On the Thursday 16 May the Egyptian groups Bikya and Wetrobots joined two electronic music musicians from Berlin, Alva Noto and Byetone (Diamond Version project), in a one-off jam concert organised under the aegis of the Ten Cities Project. Backed by the Goethe-Institute Cairo and 100COPIES, the event gathered a diverse audience that filled up the Rawabet Theater, a small concert hall reopened especially for the occasion.
The Ten Cities Project aims to reveal the importance electronic culture has these days in Berlin, Bristol, Johannesburg, Cairo, Kiev, Lagos, Lisbon, Luanda, Nairobi and Naples.
The project is a collaboration between the Goethe-Institutes in sub-Saharan Africa, the Berlin collective Adaptr.org and the Centre for Postcolonial Studies at the University of Naples, and brings musicians from Europe and Africa together for jam-style concerts celebrating electronic music.
The musical improvisations will later be assembled in a CD to compile rare sample of unknown electronic music scenes. Along with the recording of the tracks, the Ten Cities Project also plans to publish a book based on researchers’ work on club music scenes and their subcultures.
In May, the musical project touched down in Cairo. German electronic musician Gerriet Schultz, with the help of the Mahmoud Refat, from Bikya, organised last Thursday’s concert. “The idea behind this project of Ten Cities is that we connect people. So that after the project is over, they will still work together,” the musician from Berlin said.
This was the premise for how Bikya and Wetrobots, two Egyptian bands made up respectively of Mahmoud Waly, Mahmoud Refat, Maurice Luca; and Ismail Hosny and Hussein El Sherbini, were introduced to the two Berlin-based musicians of the Diamond Version project. Next year, as a continuation of the Ten Cities Project, all musicians will be invited to perform in European electronic music scenes.

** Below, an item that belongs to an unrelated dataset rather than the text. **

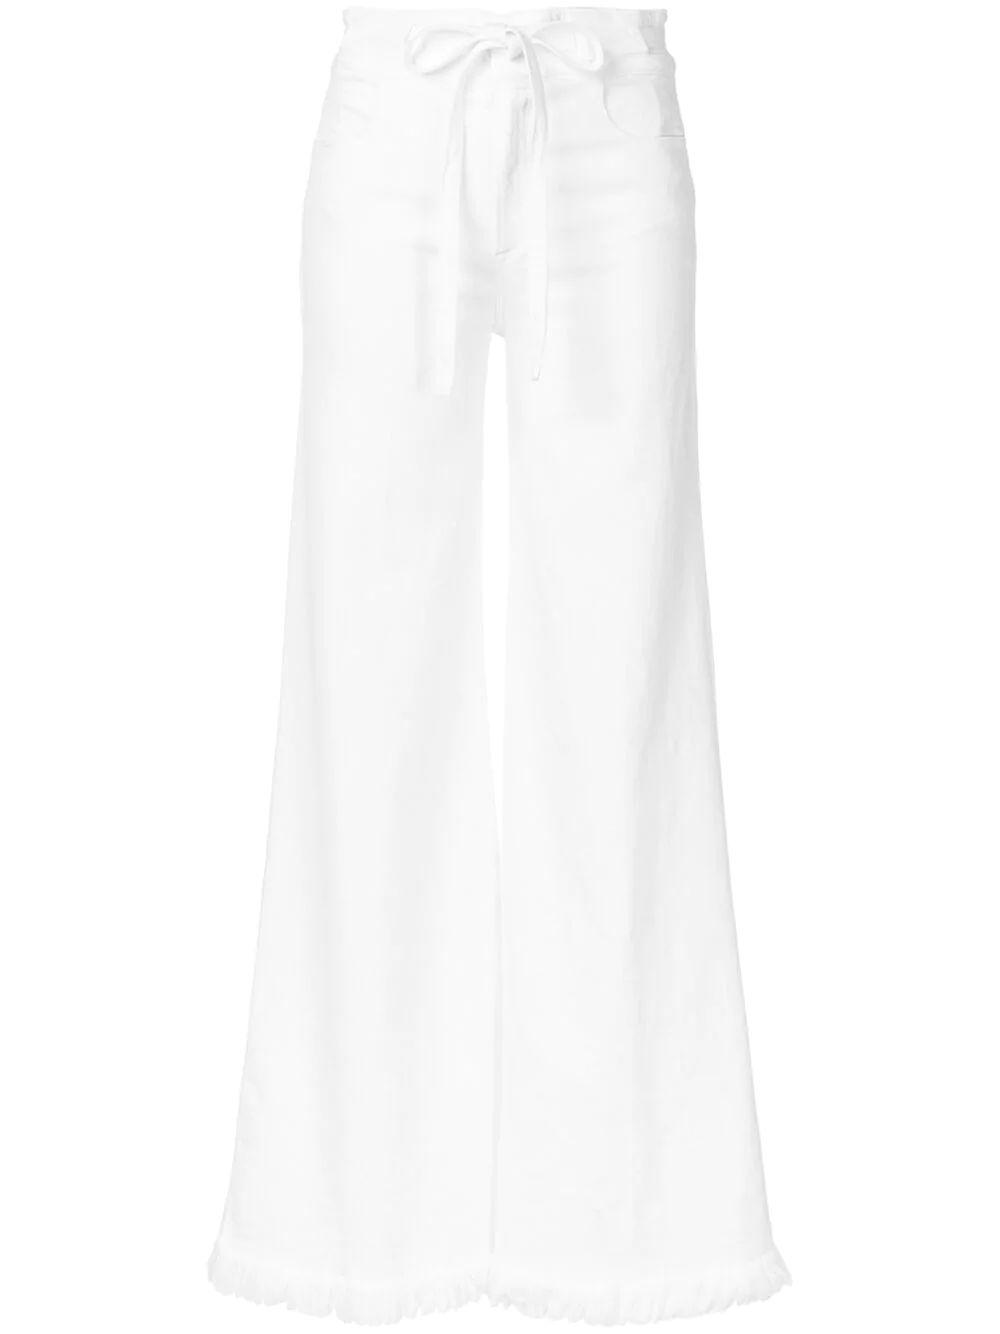 LPPBRE711 WHITE

When asked about the project, Ismail Hosny from Wetrobots said it “gives different perspectives on our own music.” But the musicians also emphasised that their music is not far apart. “They are jamming together like musicians and they are playing the laptops like an instrument,” Gerriet Schultz said. According to him jamming means that “you have to communicate and you have to trust each other.”
And indeed on the stage last Thursday night, despite their long individual improvisations, the musicians kept in harmony allowing each individual to bring their own style to the final melody. Surprisingly the artists also brought a significant stage presence, moving on the rhythms while manipulating their computers.
Even those who sat down at the beginning of the concert were caught up in the music and joined in the club mood, while some were inspired by the rhythms and began to dance. The three bands ended their jamming concert with a round of applause, leaving the stage to Diamonds Version alone, who continued to play into the night.